• What to produce
Return the listing below exactly, with the pictures dropped.

• Dataset excerpt

——

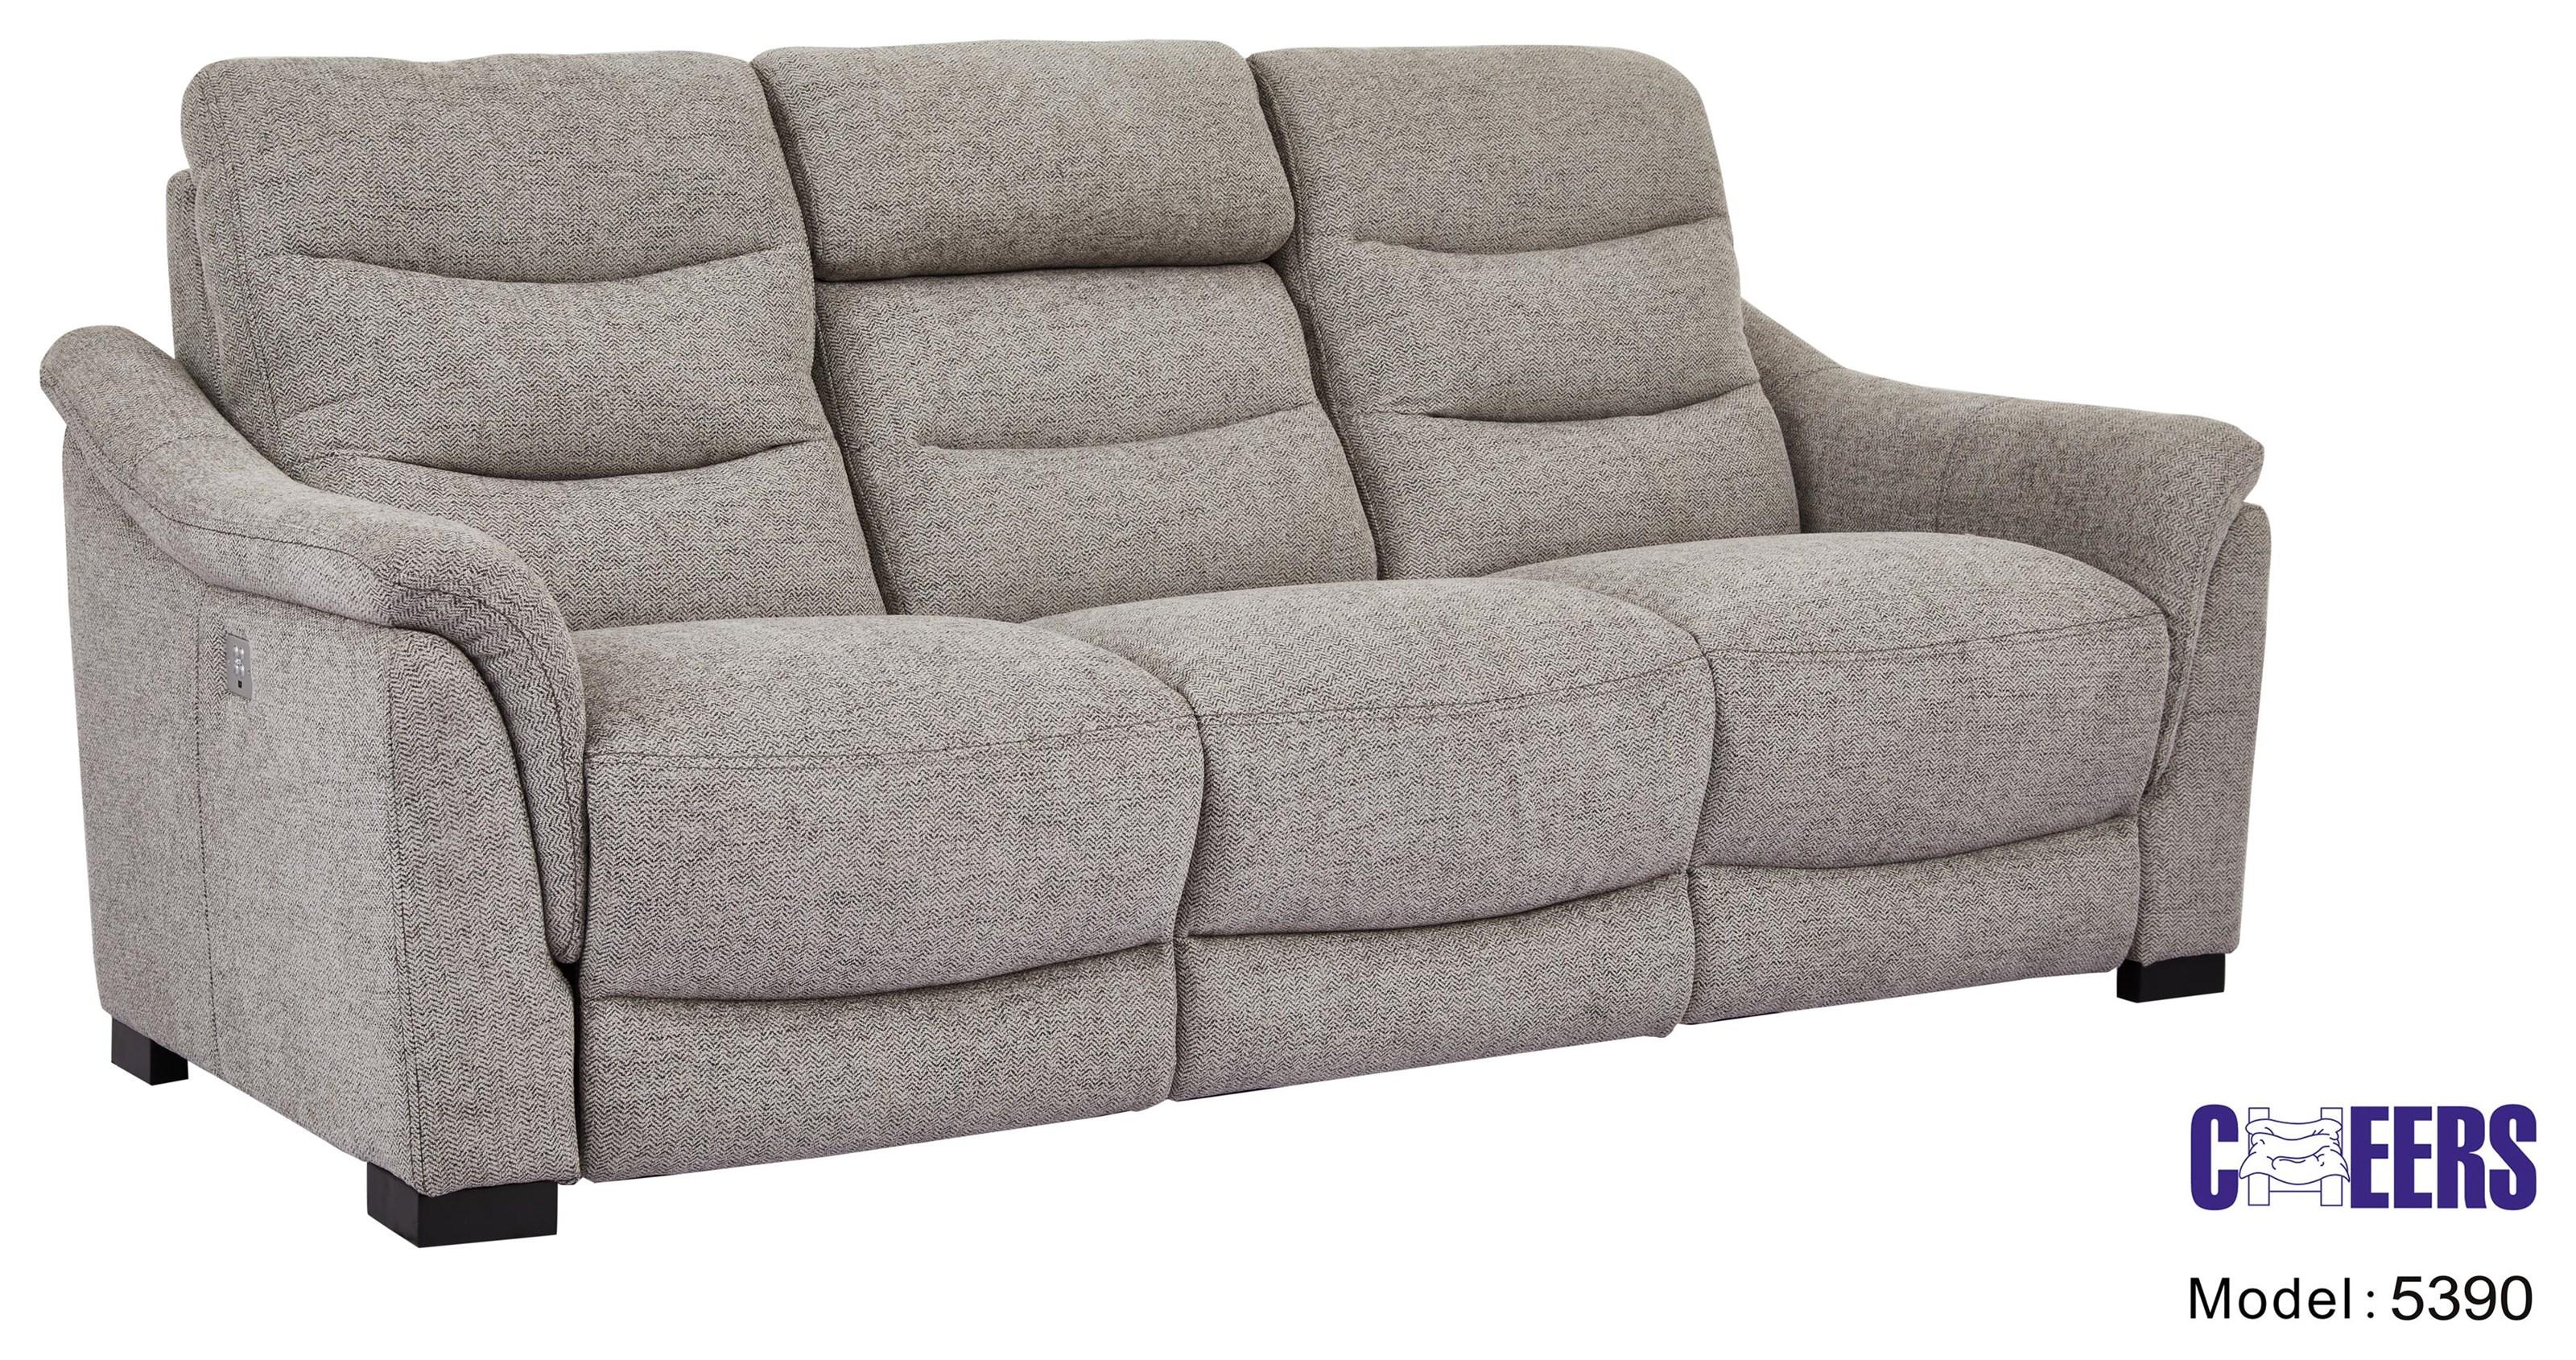 Power Head Sofa w/ Drop Table & Lights
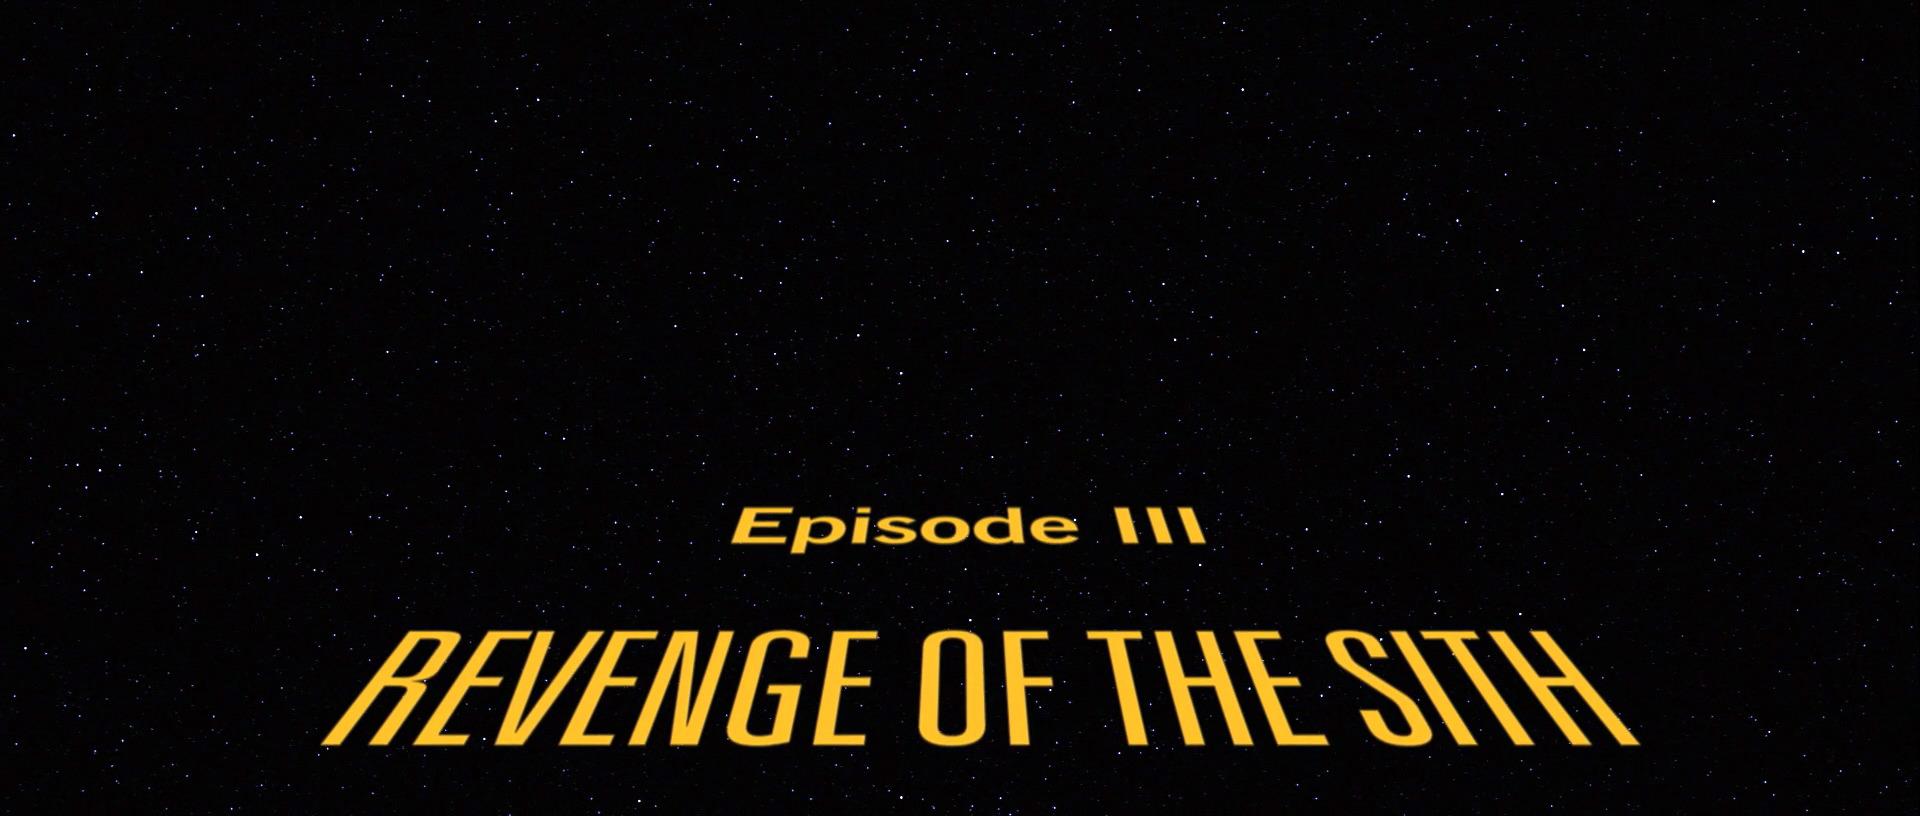 Star Wars Episode Iii Revenge Of The Sith 2005 Starwars Screencaps Com
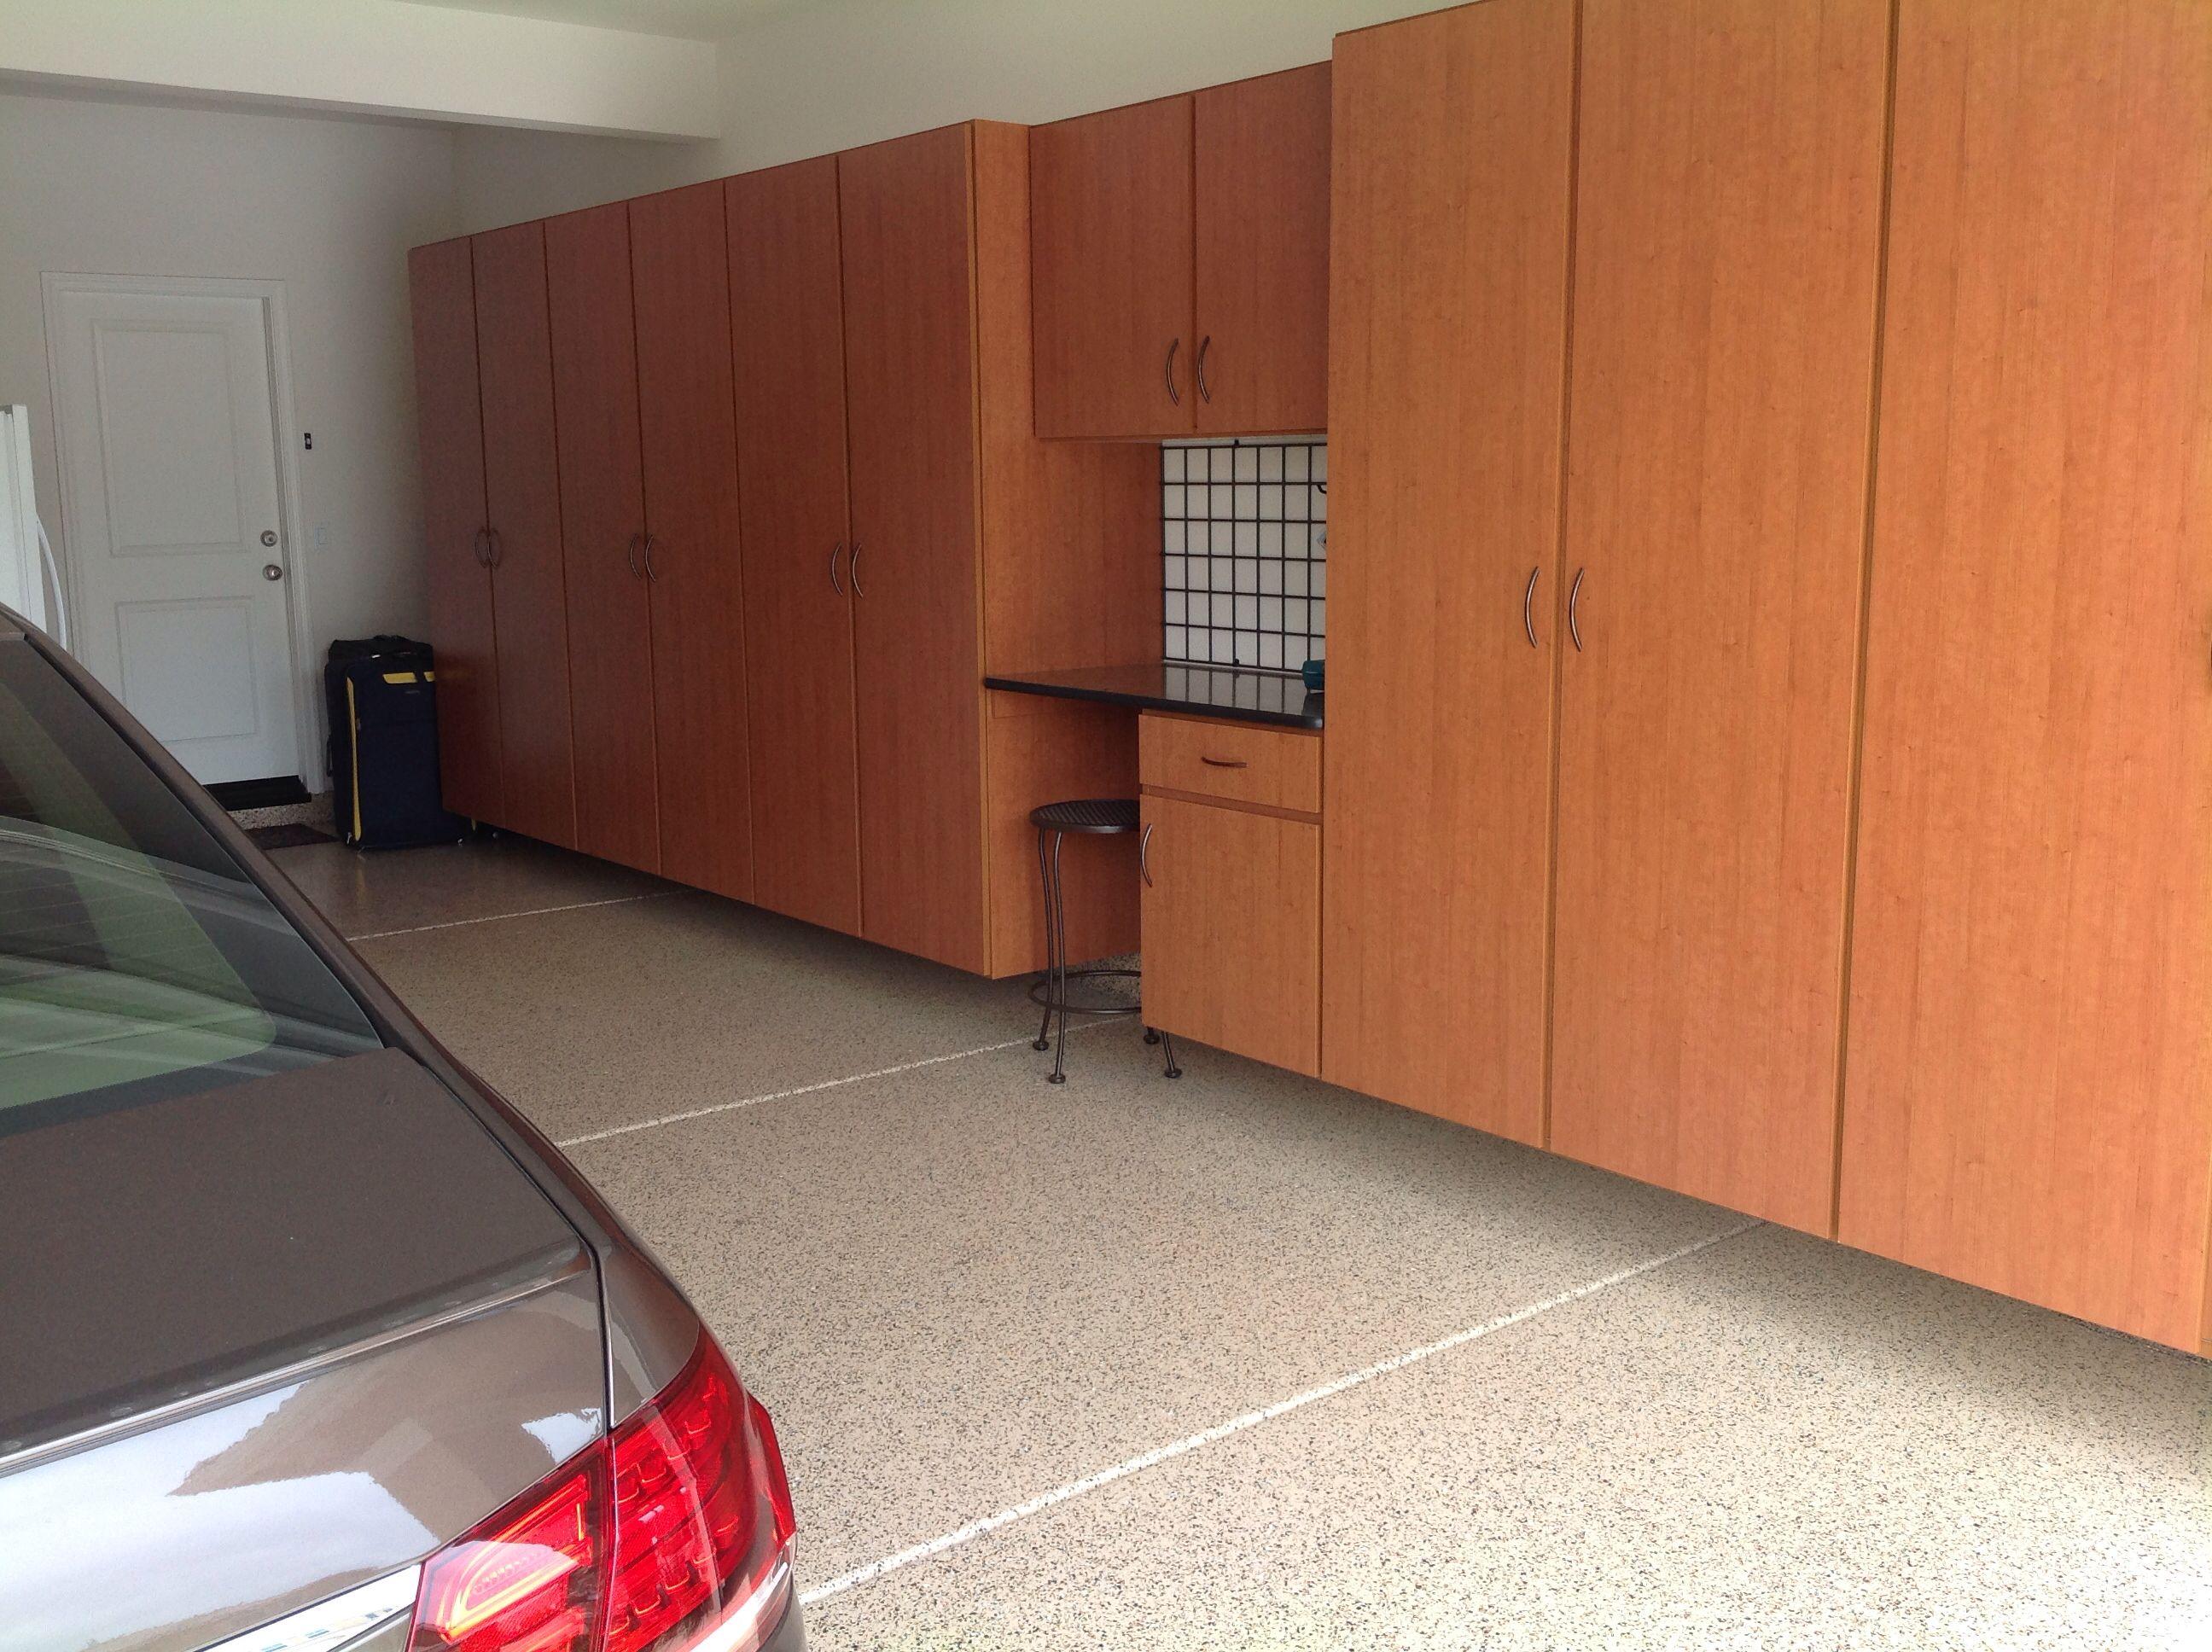 Garage Storage Cabinets Temecula www.trcgarage.com ...

——

• Result of the task
 Power Head Sofa w/ Drop Table & Lights
 Star Wars Episode Iii Revenge Of The Sith 2005 Starwars Screencaps Com
 Garage Storage Cabinets Temecula www.trcgarage.com ...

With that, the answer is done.